How to Create Security Awareness Videos
Pick One Email Scenario Per Video
The fastest way to lose attention is to make one long video that tries to cover everything. A better approach is a short series where each video solves one problem. Keep topics tightly email-focused, such as: spotting impersonation requests, checking links safely, handling unexpected attachments, verifying invoice or payment changes, and recognizing fake login pages.

This format also makes your training easier to update. If a new scam wave shows up, you can replace one video instead of redoing an entire master class.
Write Scripts That Sound Like Internal Guidance, Not A Policy Document
The script should sound like a helpful coworker explaining how to avoid a mistake.
Aim for direct language: “If the email asks for money, passwords, or a process shortcut, stop and verify.” That’s clearer than “exercise vigilance.” It’s also more usable in the moment, which is when it matters.
Show The Inbox Whenever Possible
For email security training, screen recordings are your best friend. You can walk through a realistic message and point out what employees should check: sender address, display name tricks, reply-to fields, unexpected urgency, link destinations, and mismatched tone. Then show the correct response: how to report it, how to verify via a known phone number or internal chat, and how to avoid replying directly to the suspicious thread.
If you can’t use real screenshots, recreate examples that match your environment. The point is familiarity.
Keep Production Simple
You need clean audio and a steady pace, not over-the-top editing. Record in a quiet room, use a decent mic if possible, and keep on-screen text readable. Then trim aggressively. A basic video cutter for PC is enough to remove dead space, repeated takes, and rambling sections so the video stays tight.
If you want a consistent look, add a simple opening slide and a closing slide. Don’t overbrand it. Make it feel like training built for your team, not a commercial.
End With A “Do This Next” Step
Each video should end with a clear action employees can follow immediately: “Verify payment changes through a second channel,” “Use the reporting method shown,” or “Don’t enter credentials from an email link; navigate to the site yourself.” That kind of close helps turn awareness into behavior.
This is what makes security awareness training videos worth the effort: employees finish the video knowing exactly what to do differently.
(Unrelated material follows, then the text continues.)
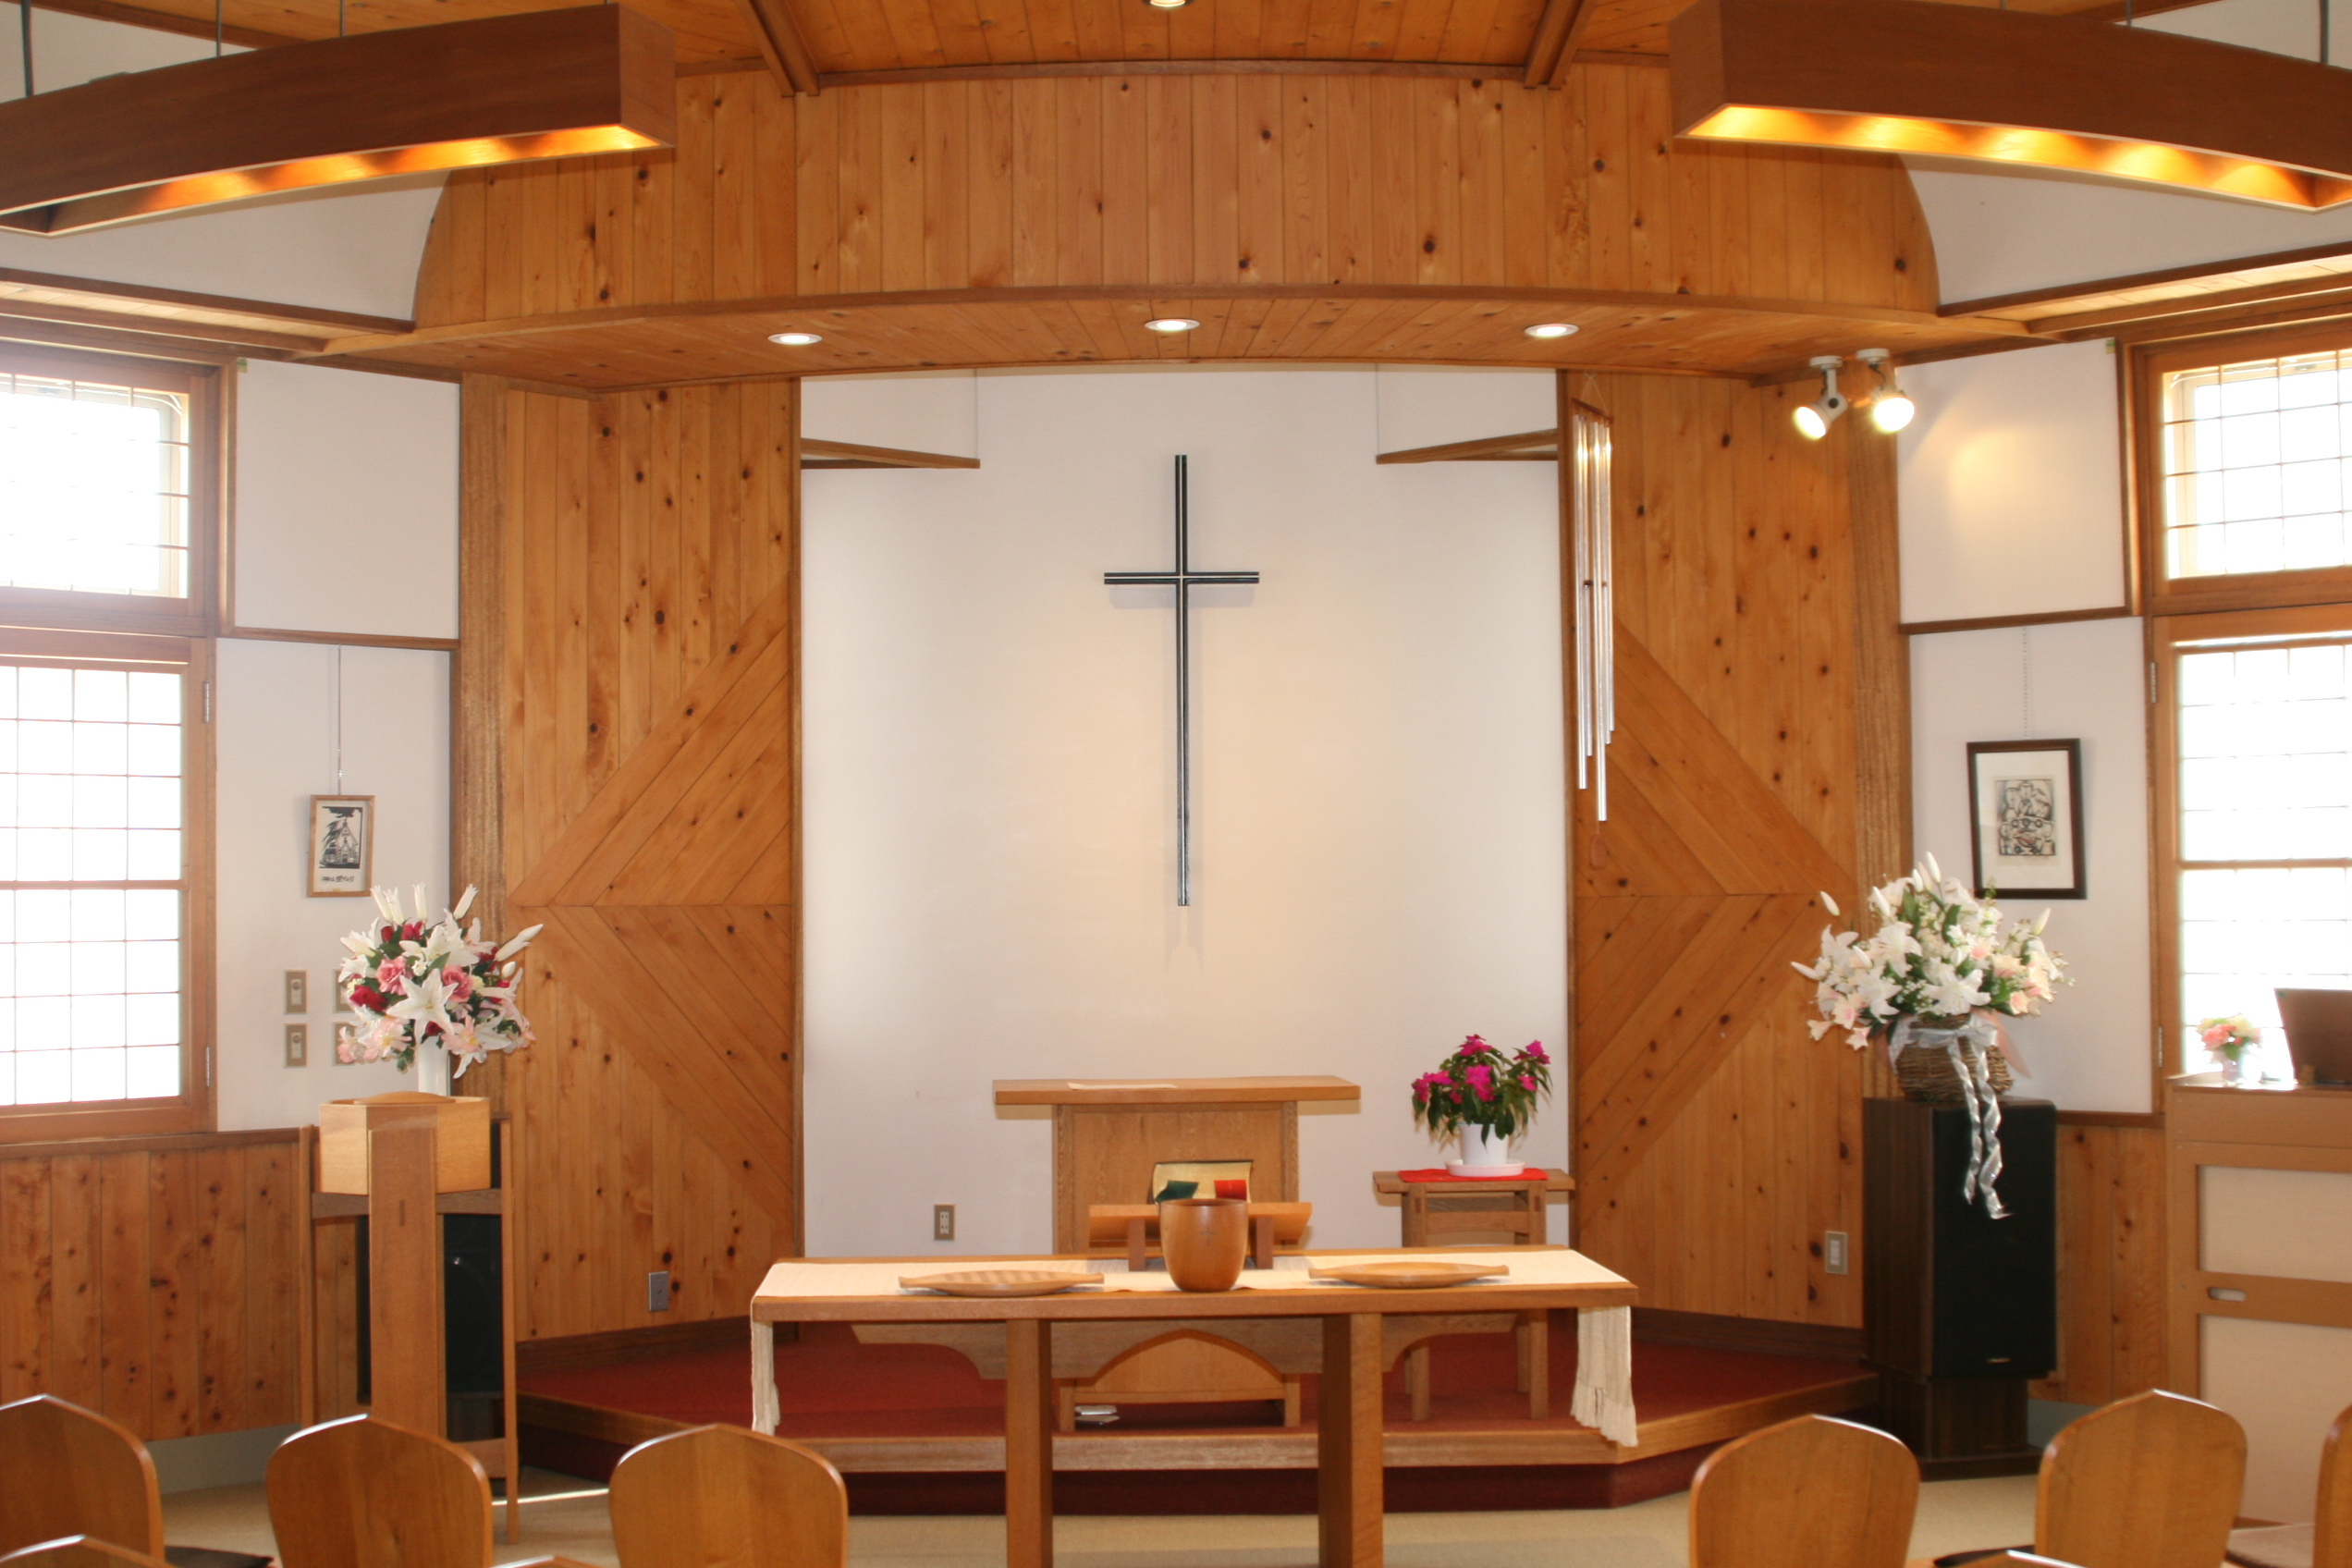 tono baptist church interior 2006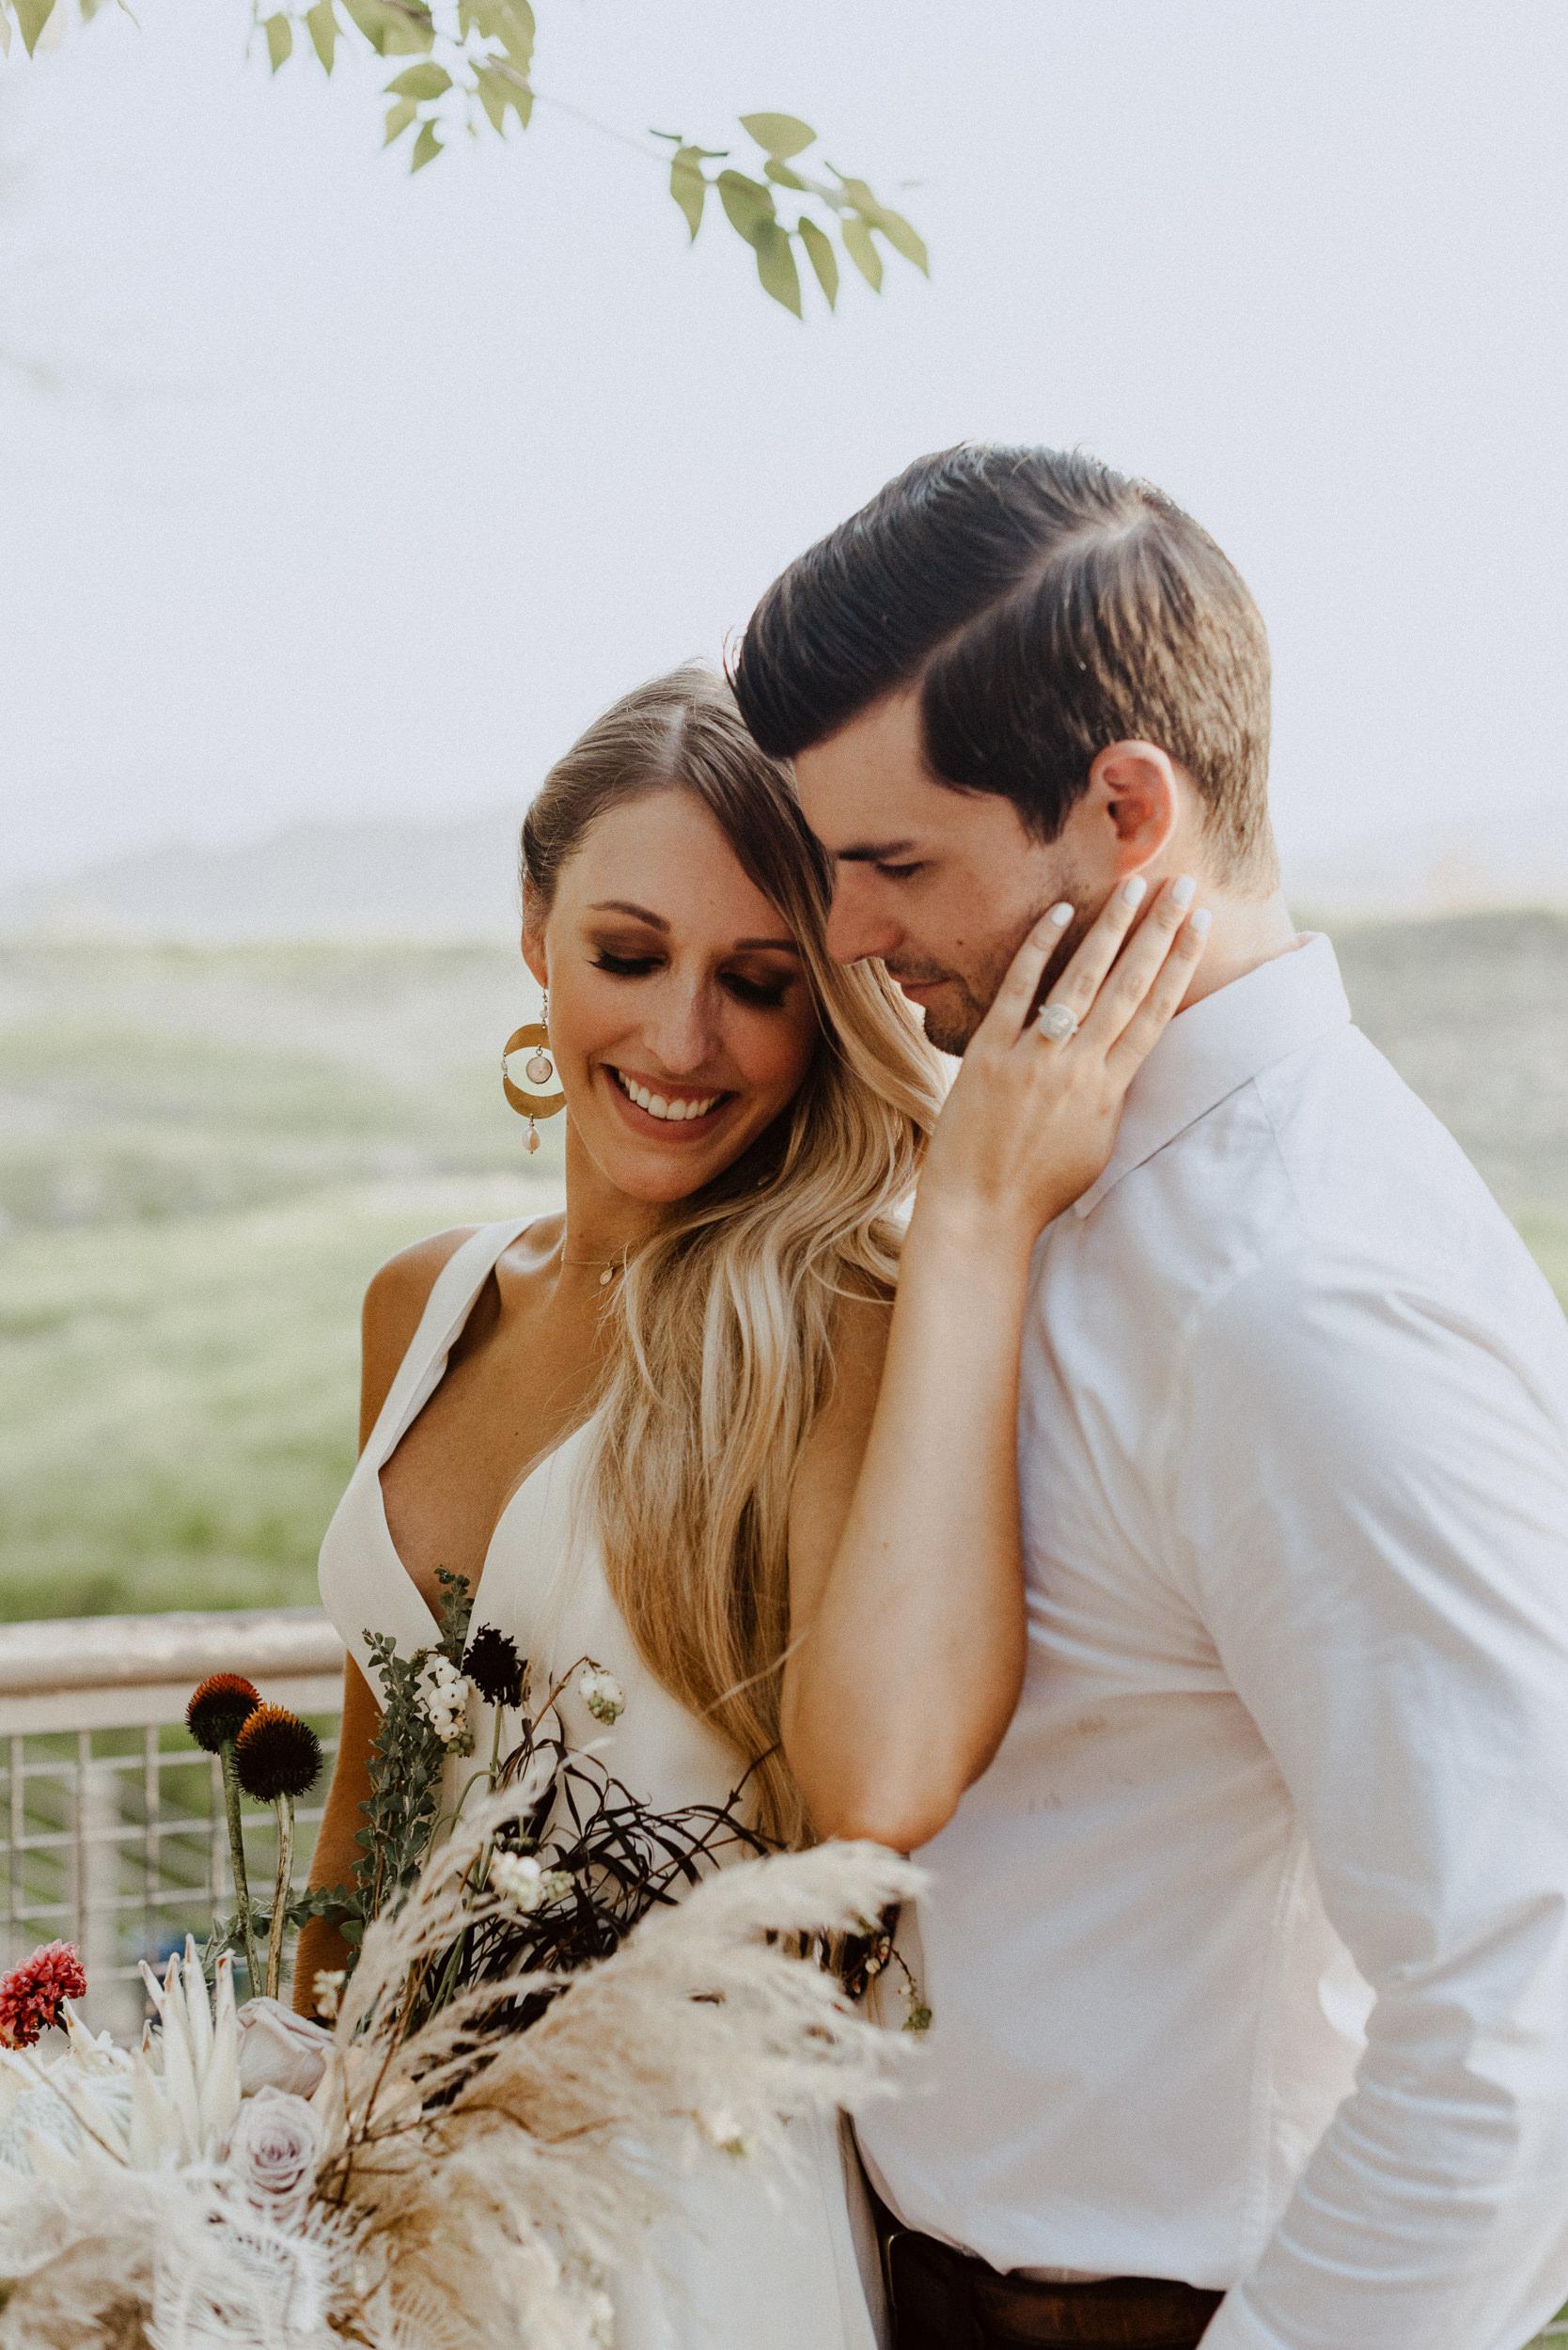 sChelsie + Chris - The Desert Shootout Wedding Romantics at The Living Desert-158.jpg

Distribute Videos In Ways That Match How People Work
Don’t hide the videos inside a training portal that employees only open once a year. Put them where people actually pay attention. Include the core set in onboarding. Share one short video monthly in your internal comms. Ask team leads to play a 3-minute clip before a meeting and spend five minutes discussing it. If your company sees a phishing wave, send the one relevant video with a short note about what you’re seeing and what to do.
Final Thoughts
Most organizations don’t lose data because employees don’t care about security. They lose data because email is fast, work is busy, and scams are designed to blend into normal conversations. An email-first training program fixes that by teaching employees exactly where to slow down and how to respond.
Over time, training employees on cybersecurity becomes less of an event and more of a routine, like checking the sender before you click. That’s the outcome you want: fewer successful email attacks, quicker reporting, and a culture where “let me verify that” is just part of doing business.